In the research, participants with varying sources of dietary calcium were used and the results showed that there was increased risk of prostate cancer among those who consumed a lot of calcium per day (Butler, Wong, & Koh, 2010). However, the researchers involved in this research were quick to point out that the risk for prostate cancer was not associated with any specific food (Butler, Wong, & Koh, 2010). They however found out that for men with BMI (Body Mass Index) that is below average, the risk for developing prostate cancer is increased twofold (Butler, Wong, & Koh, 2010).
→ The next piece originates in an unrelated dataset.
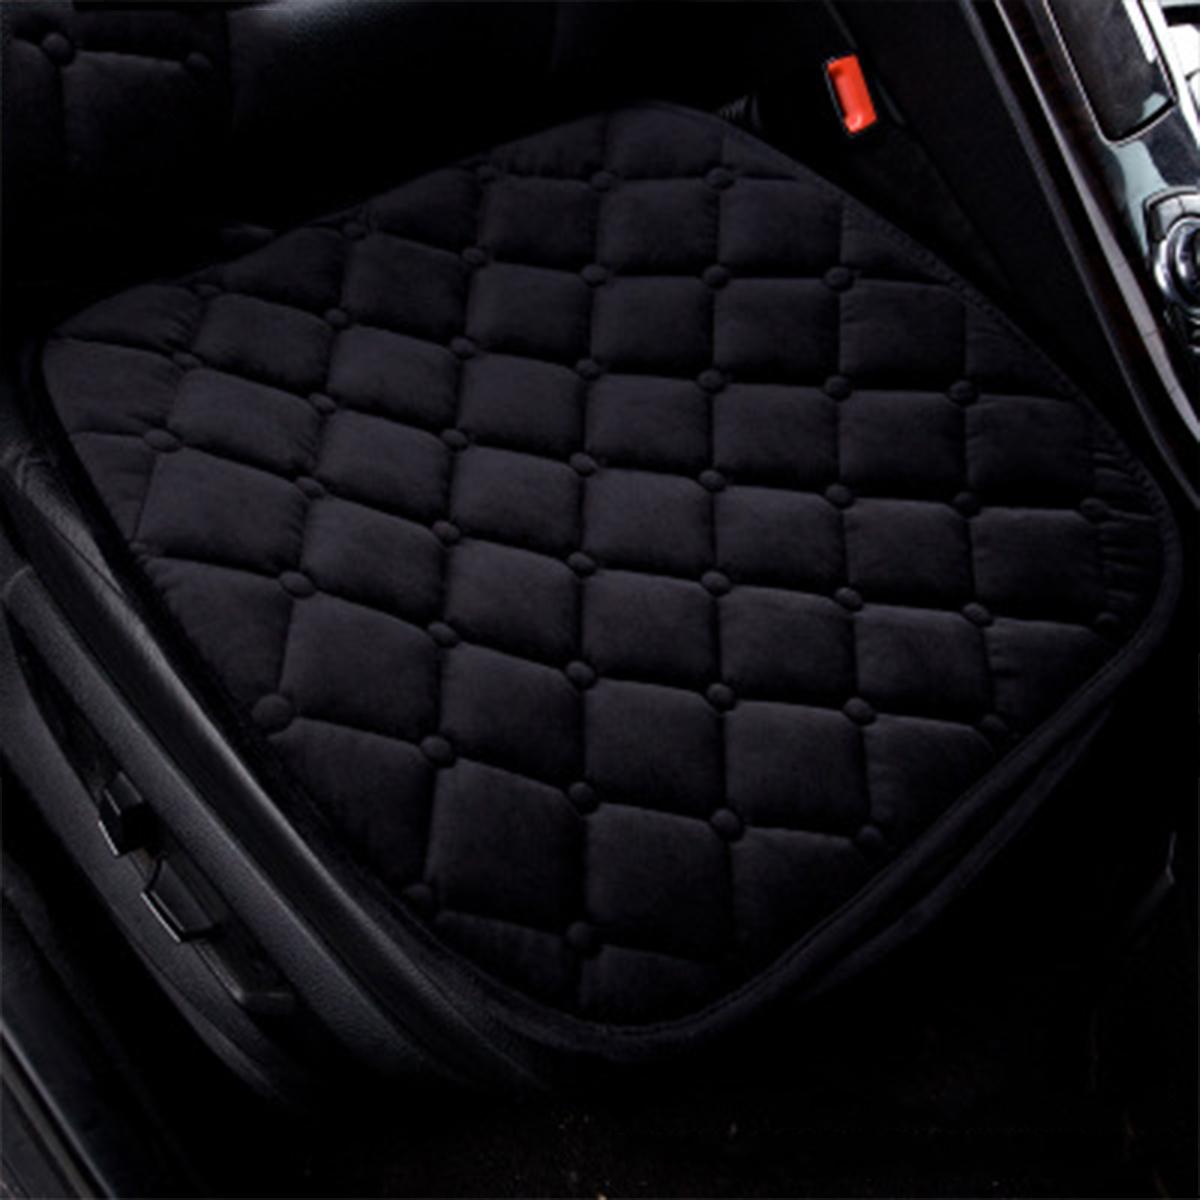 Universal Front Car Cushion Short Fleece Fabric Seat Cover Cushion Comfortable Protection Pad Mat Warmer Pad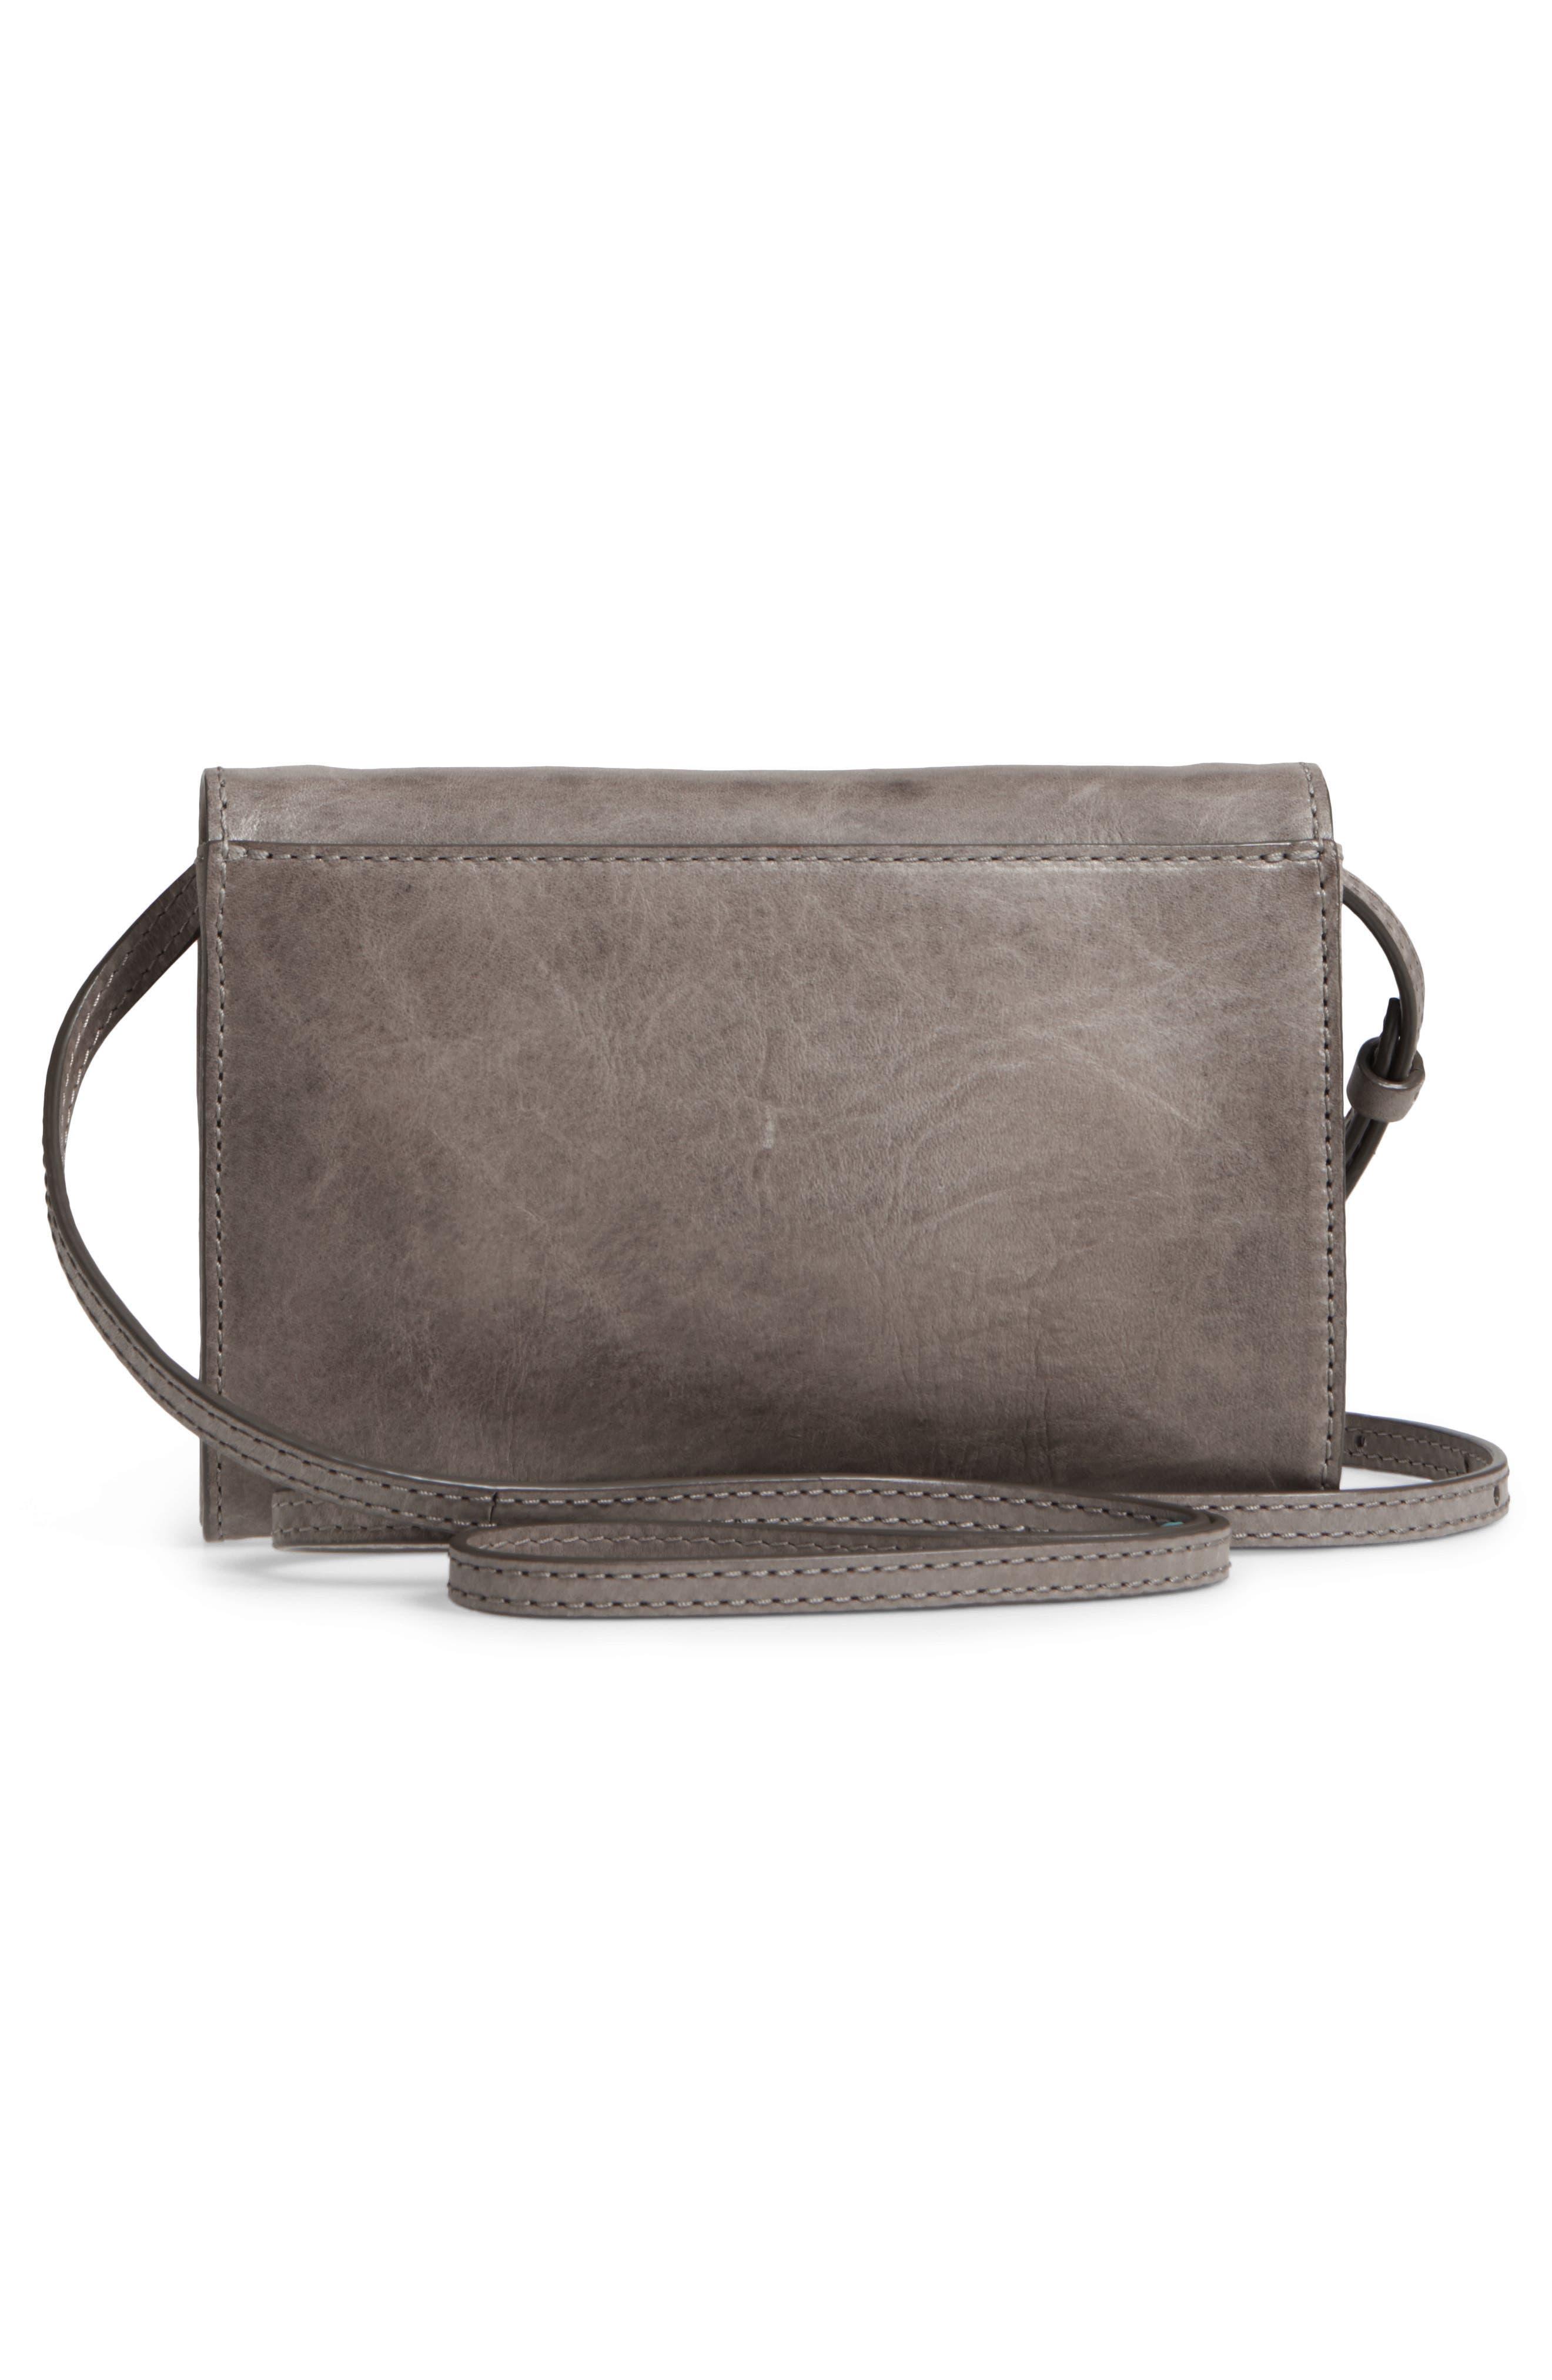 Melissa Leather Crossbody Bag,                             Alternate thumbnail 3, color,                             ICE

Further studies on prostate cancer have shown that proper diet is the best way to prevent prostate cancer. According to a publication in the Journal of Human Nutrition and Dietetics, a diet that has low levels of red meat and fats and high levels of vegetables and fruits is very helpful in prevention as well as treatment of cancer (Ma & Chapman, 2009). In this research, it was discovered that the risk of prostate cancer was lowered with consumption of cauliflower, green tea, tomatoes, broccoli as well as selenium and vitamin E (Ma & Chapman, 2009).

On the other hand, the risk for prostate cancer was increased with consumption of foods that are high in fats, dairy products, and highly processed meats (Ma & Chapman, 2009). Following the results of this study, men are advised to modify their diets to lower their risk for prostate cancer. In addition, the researchers say that dietary modification is particularly useful for those men who have already been diagnosed with prostate cancer as it gives the patients a chance to actively participate in the treatment program (Ma & Chapman, 2009).